Evan Eichler and his colleagues at the University of Washington aim to perform the systematic discovery of single nucleotide variations (SNVs), insertions and deletions in DNA (indels) and structural variations within 160 genomes from 40 families in the Simons Simplex Collection (SSC).
The researchers selected families that have available DNA from both parents as well as one child with autism and one unaffected sibling. They selected individuals with autism in whom no obvious candidate mutation has been discovered by the sequencing of exomes — the coding portions of genomes — or analysis of copy number variations, which are deletions or duplications of large DNA segments.
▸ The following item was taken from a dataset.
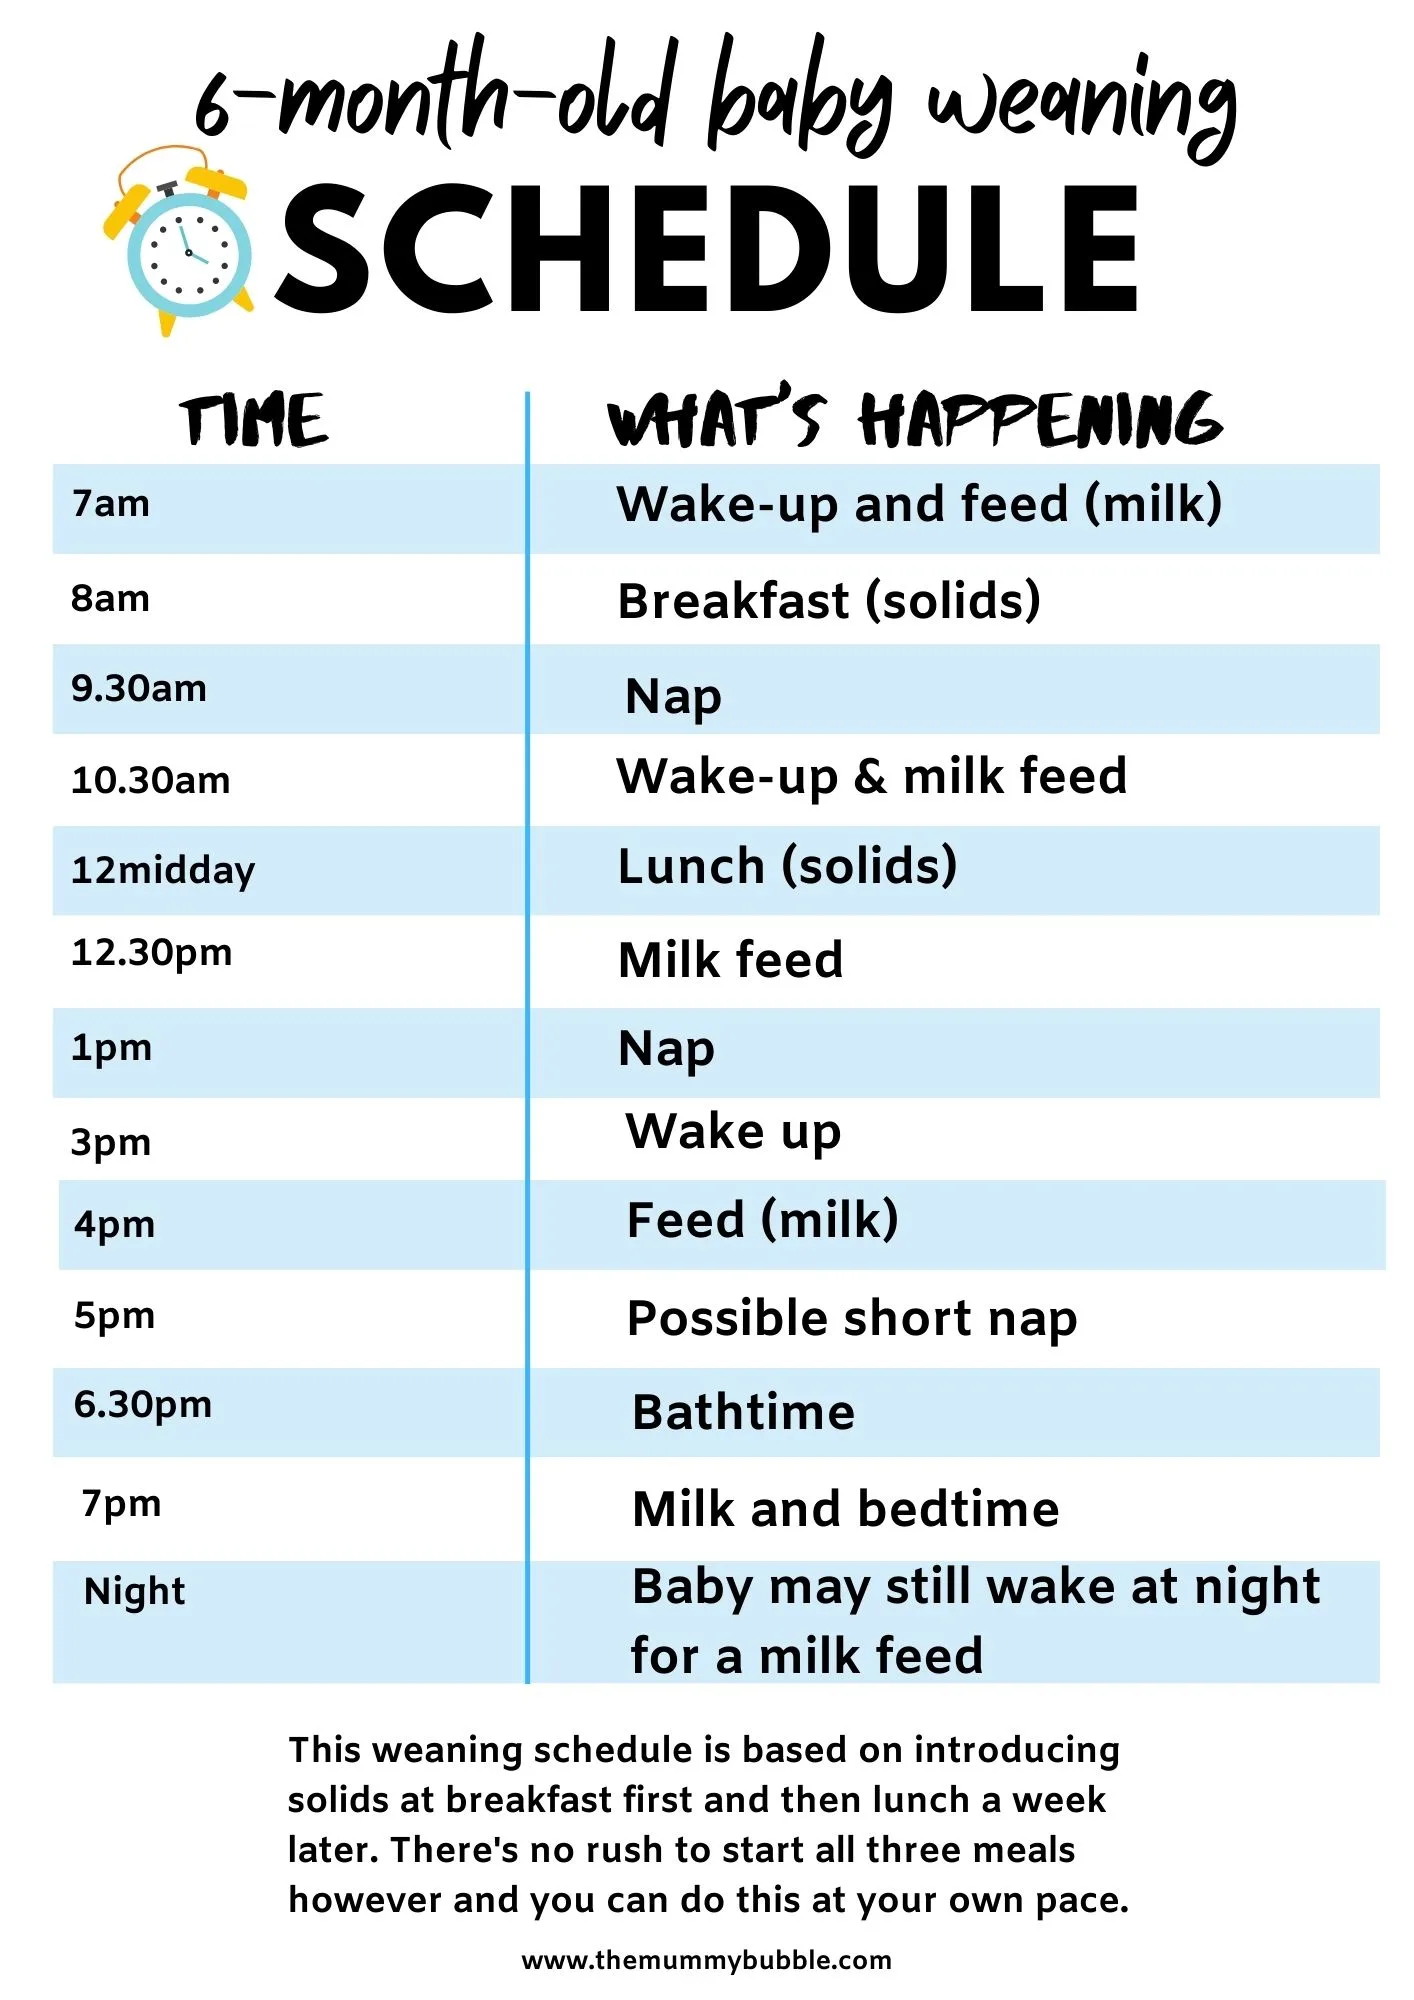 Perfect daily schedule for a 6-month-old baby - The Mummy Bubble

The researchers aim to focus on validating all spontaneous, or de novo, genetic variation and publicly disseminating all data, including on inherited mutations. They plan to process data using a hybrid computational annotation model that entails the calling of SNVs, indels and CNVs. They will use an intersection of more routine genetic callers as well as more computational-intensive approaches, developed in the Eichler laboratory, that increase sensitivity for variant detection in complex regions of the genome. They aim to validate all de novo variants using a well-established protocol for targeting small segments of DNA (molecular inversion probes) for SNVs and indels, and a longstanding technique for measuring copy number by the intensity of probes in specific regions of the genome (array comparative genomic hybridization).
The team plans to publicly disseminate data via the National Database for Autism Research using standards previously established for the SSC exome-sequencing project.